10. November 2023.13:49
Flowers were laid by family members and city officials to commemorate the deaths of nine people, including five children, in an artillery attack on the Otoka neighbourhood of Sarajevo in November 1993.

This post is also available in: Bosnian

Flowers laid in front of a monument at the spot where the massacre happened. Photo: BIRN

A ceremony was held on Victims of Fascism Street in the Otoka neighbourhood of Sarajevo on Friday, marking the 30th anniversary of the deaths of nine people who were killed when three mortar shells were fired from positions held by the Bosnian Serb Army.

Five of the dead were children; 38 other people were also injured in the attack on November 10, 1993.

Attending the ceremony were relatives of the victims, including Sevala Heco, who lost her daughter Amina, who was eight at the time.

“As the elderly say, all injuries are close to your heart, but when a child is concerned, you can never live as you lived before, but I still say that I am all my friends are continuing to live, with God’s help, but not in the way they should live,” Heco said.

“Every time I laugh louder, the image of someone who is no longer with me appears before my eyes,” she added.

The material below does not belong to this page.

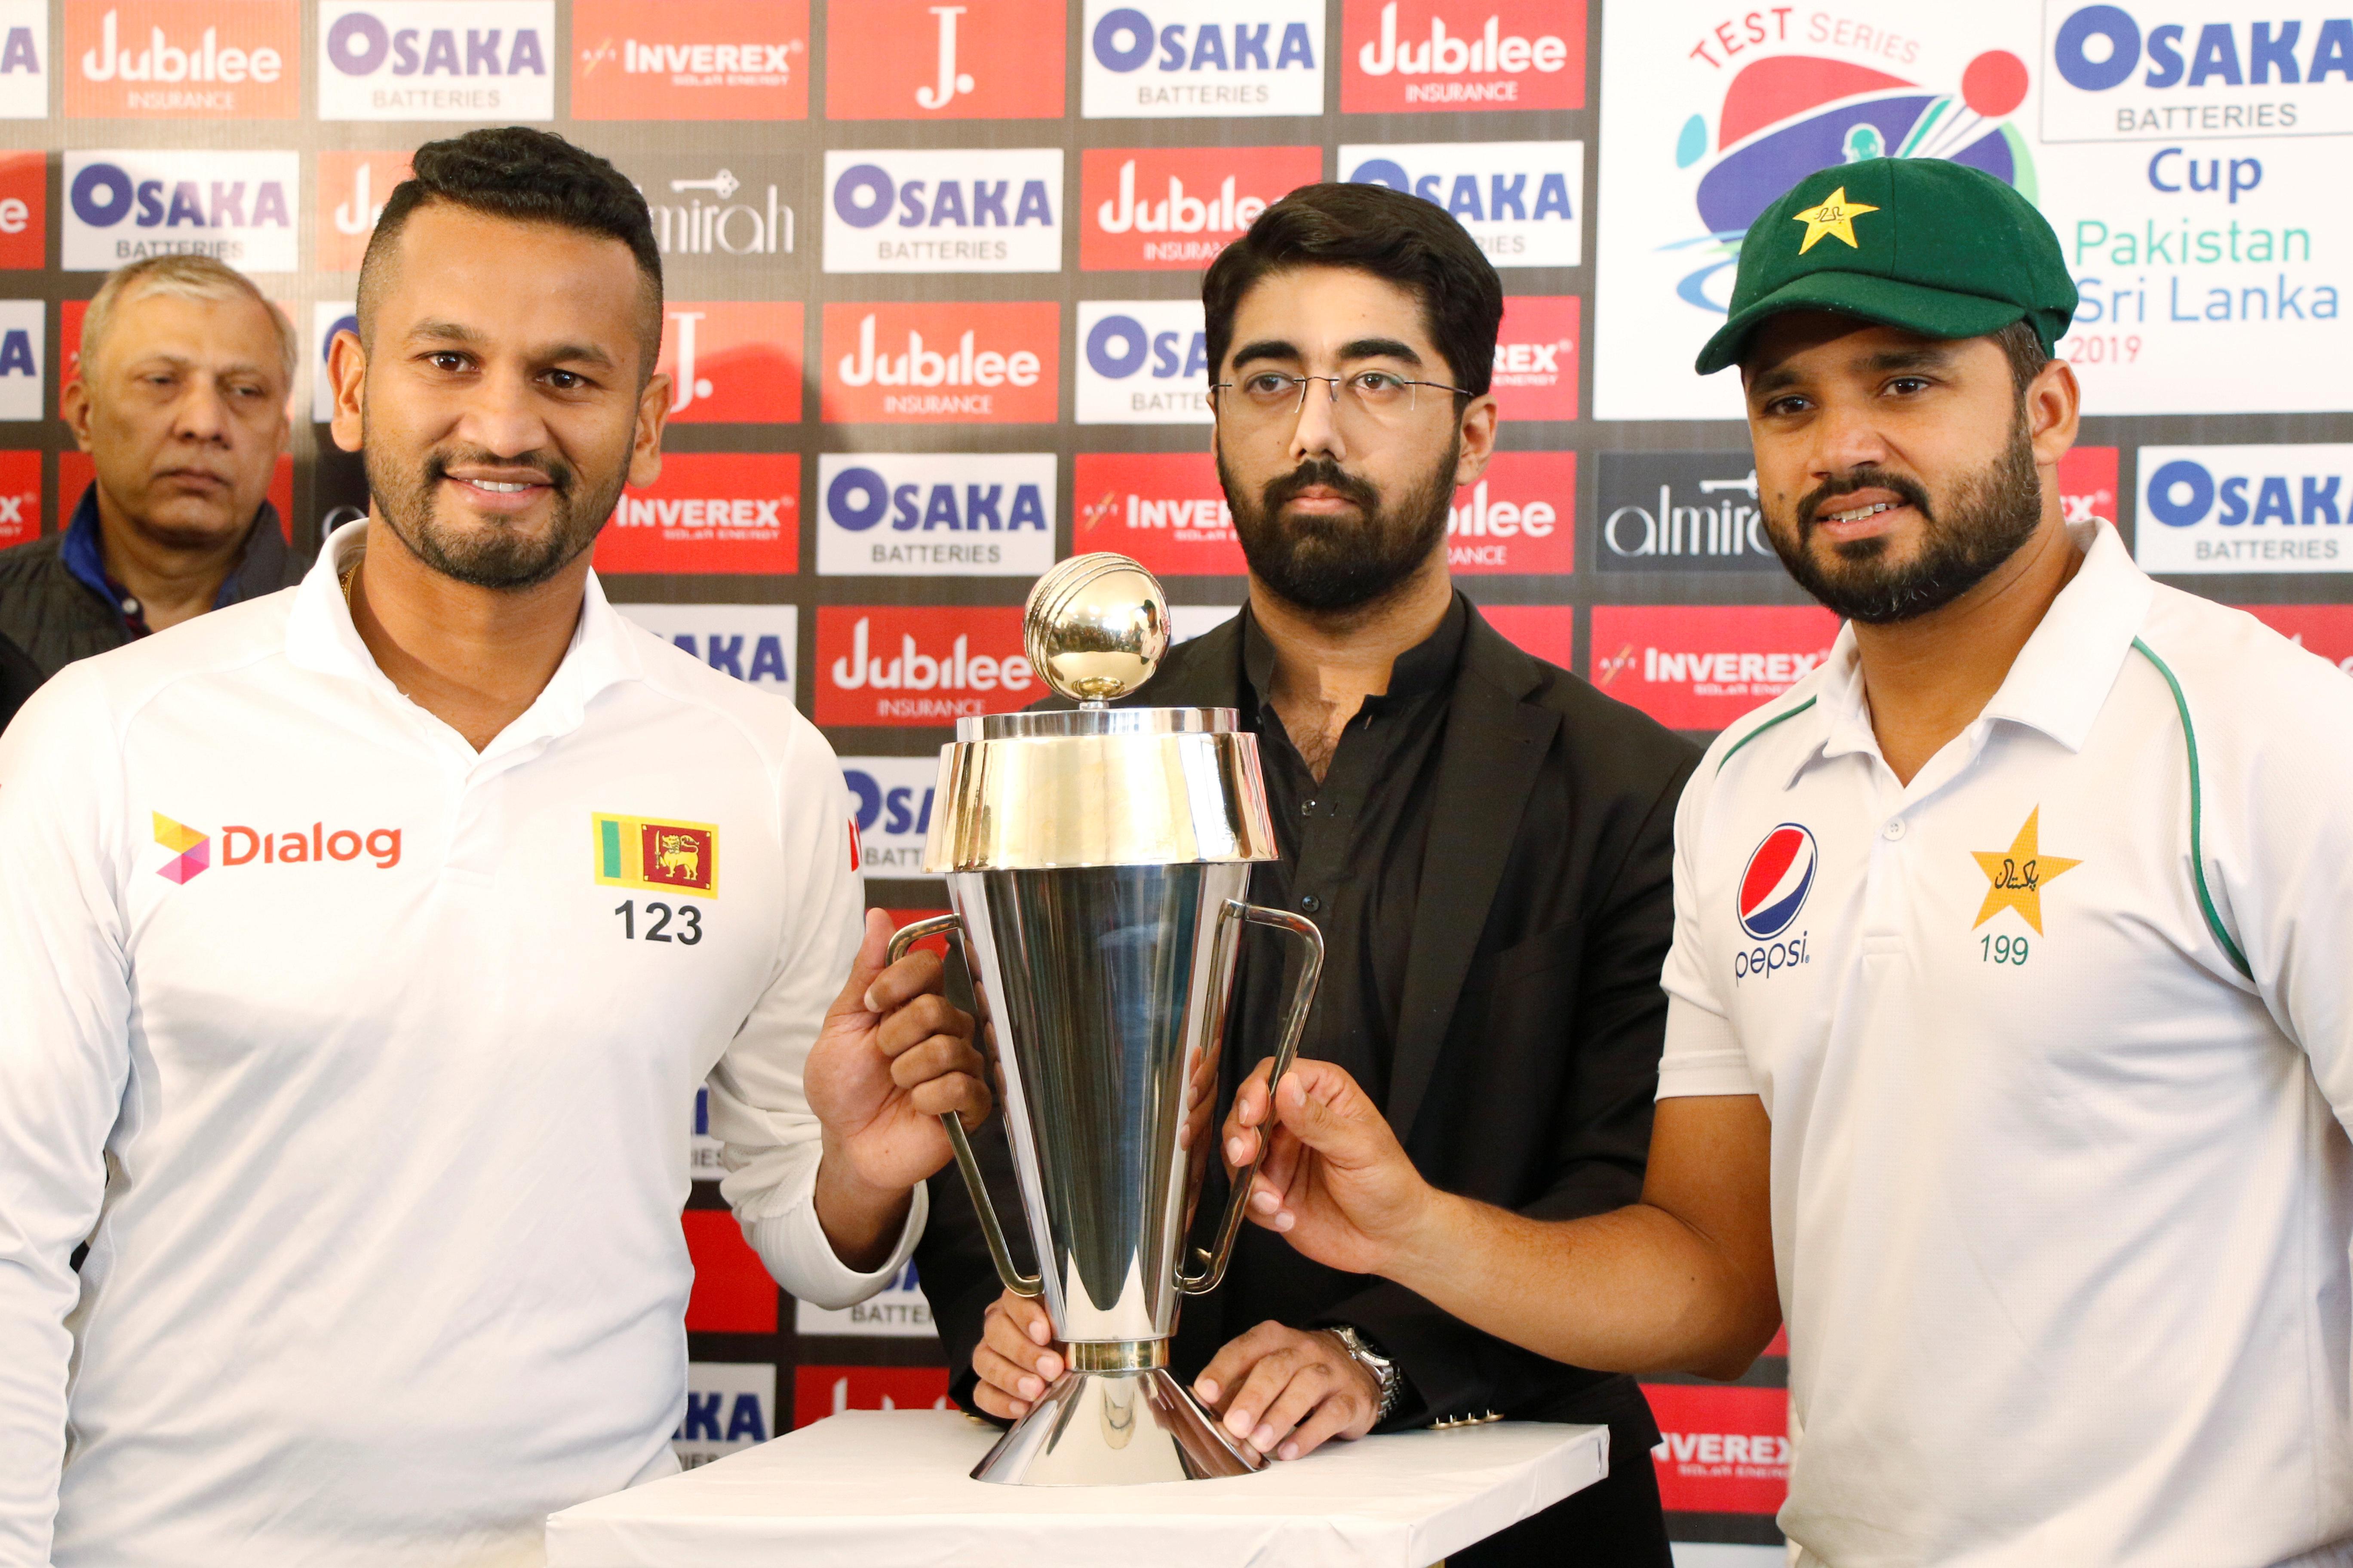 Naseem leads fightback as Pakistan host first test in a decade
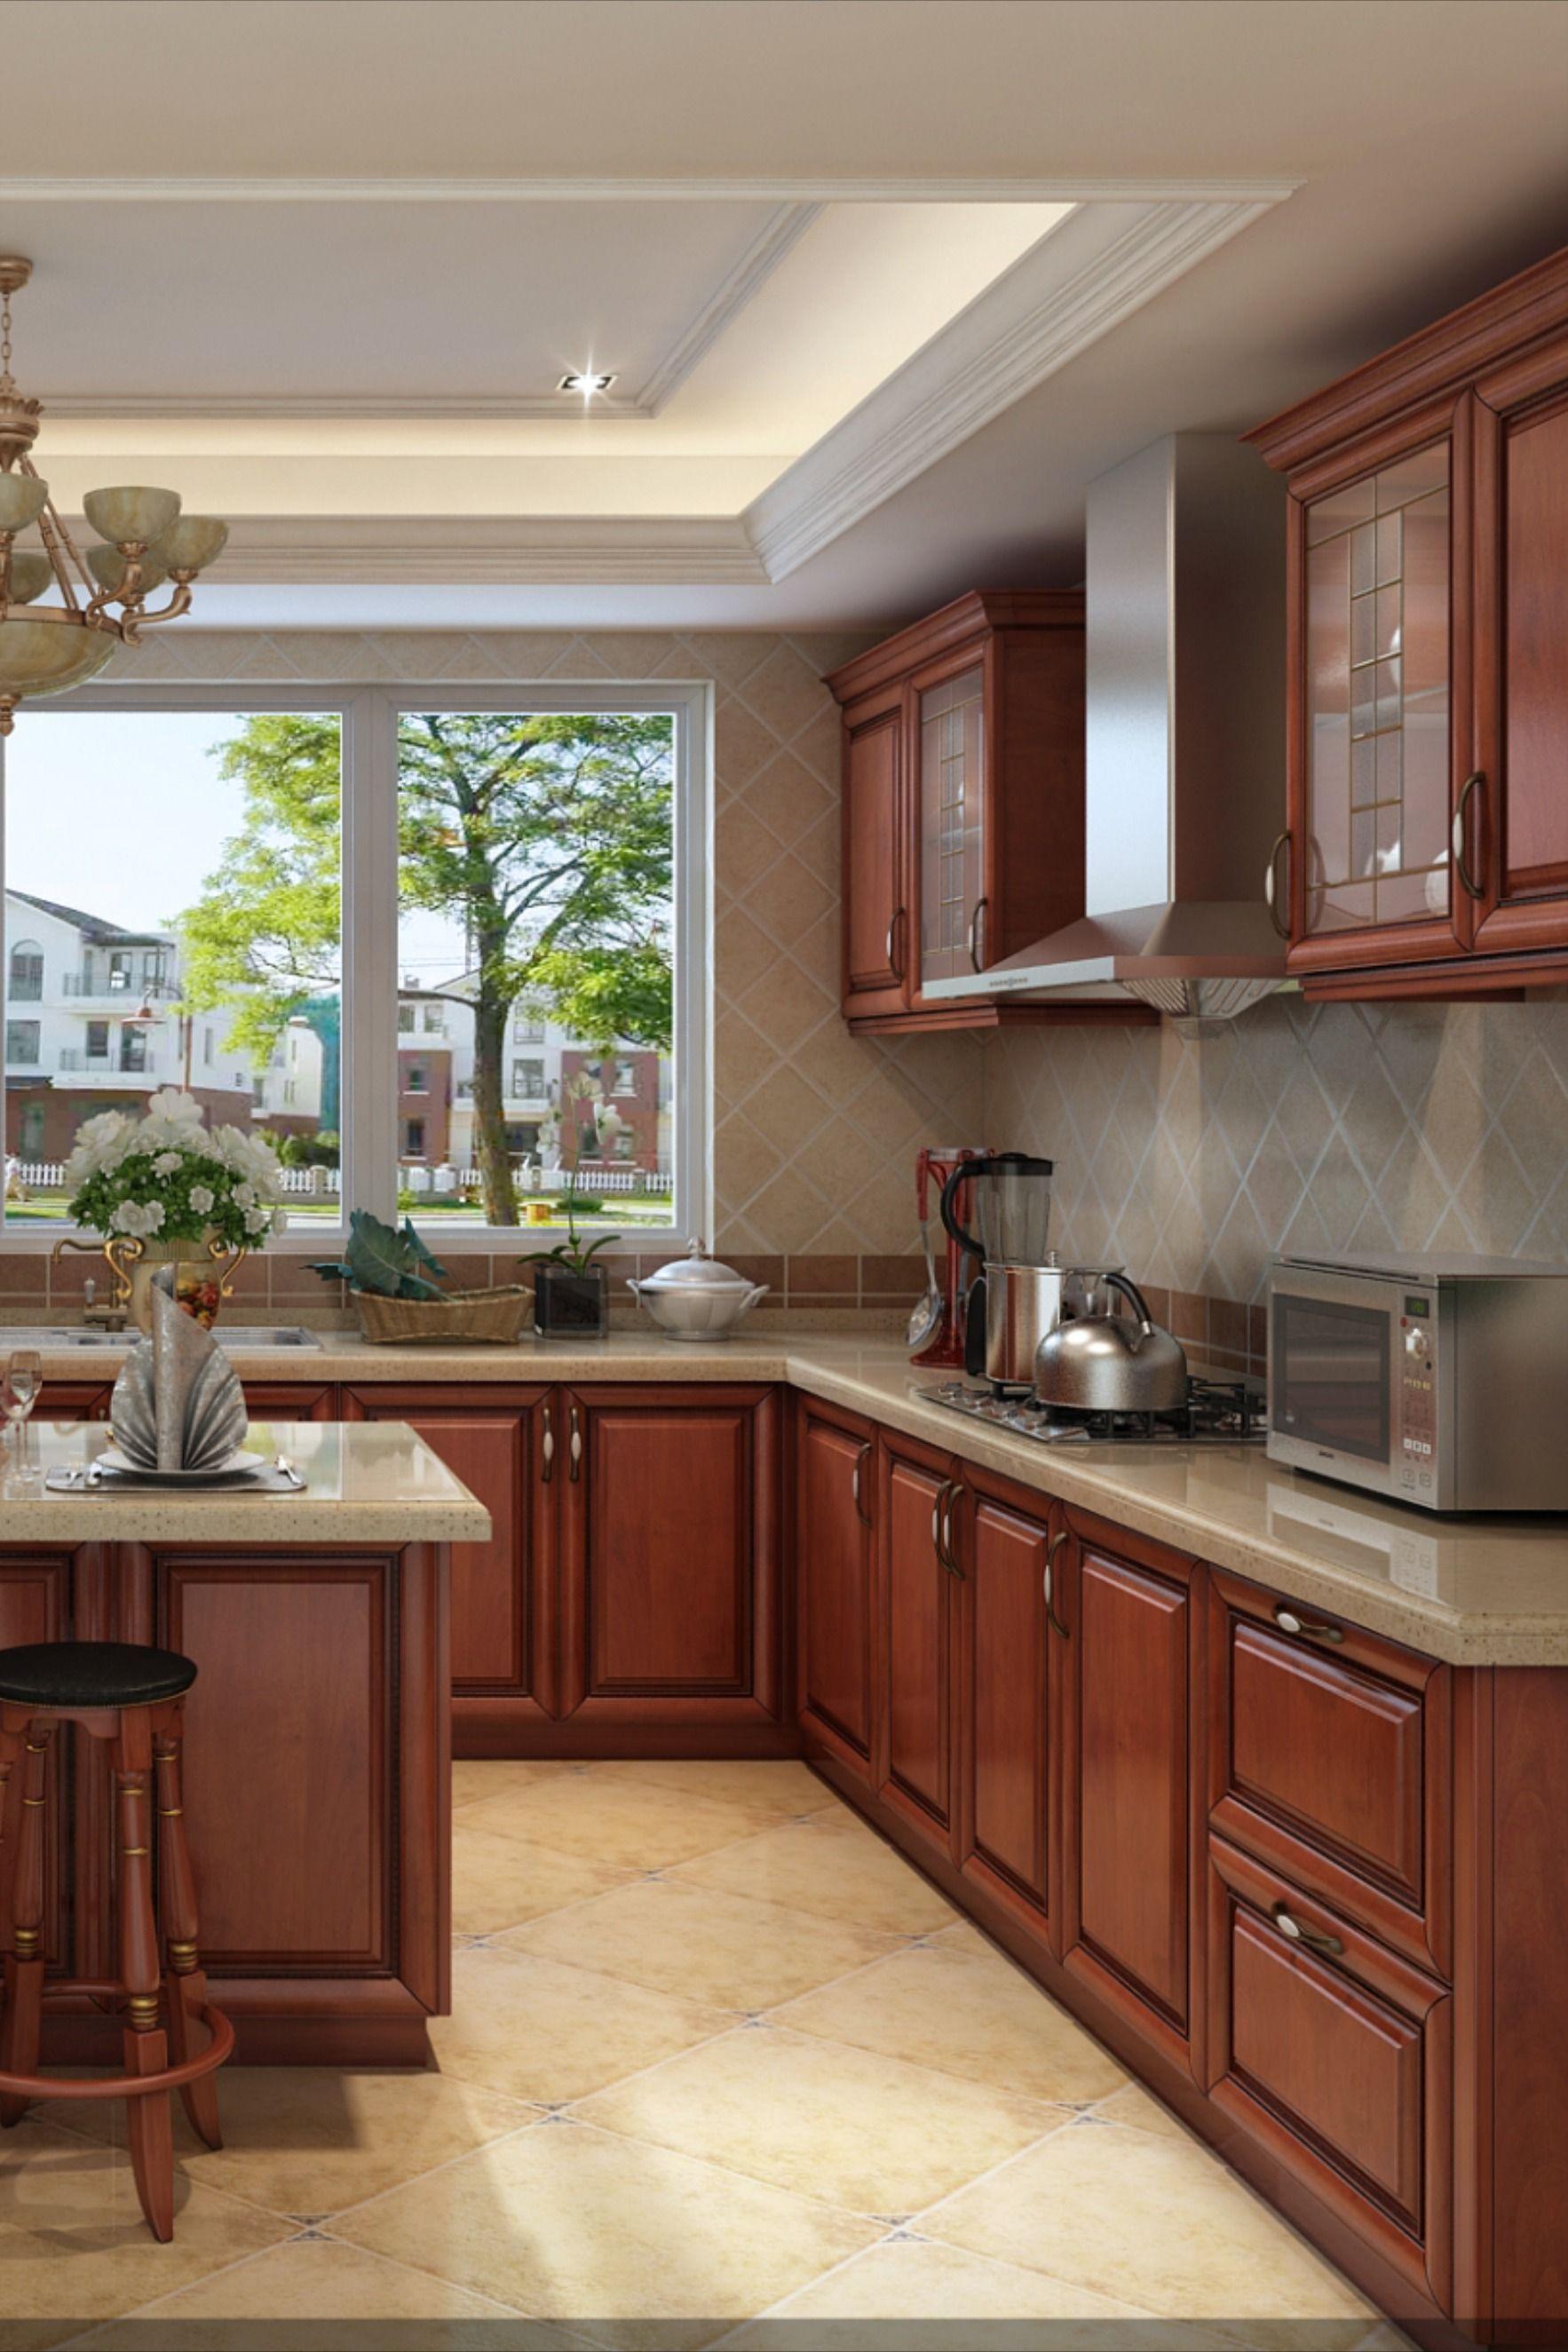 Pvc Blister Kitchen Cabinet Kitchen Cabinets Kitchen Kitchen Design

Darko Minic, a representative of the Otoka local community authority, said that the massacre caused grief all over Bosnia and Herzegovina as well as in the neighbourhood.

“Those children would have been grown-up people now, people with families and their own children,” Minic said.

The commemoration was attended by representatives of Sarajevo Canton, City of Sarajevo and the Novi Grad Municipality, as well as pupils from various local schools and kindergartens and representatives of war victims’ associations.

Elma Geko, Slavojka Govedarica, Semir Haseta, Amina Heco, Ajdin Hodzic, Ibrahim Huskic, Vinko Loncar, Silvijo Macorovic and Bozidar Suka were killed in the artillery attack on Otoka.

They were among more than 11,000 Sarajevans, including around 1,600 children, who were killed during the 44-month siege of the capital.

Wartime Bosnian Serb political and military leaders Radovan Karadzic and Ratko Mladic, as well as the commander of the Bosnian Serb Army’s Sarajevo-Romanija Corps, Stanislav Galic, were sentenced to life imprisonment for waging a campaign of terror against Sarajevo’s civilian population through sniper and artillery attacks.

Dragomir Milosevic, who also commanded the Sarajevo-Romanija Corps, was sentenced to 29 years for terrorising the civilian population during the siege of the city.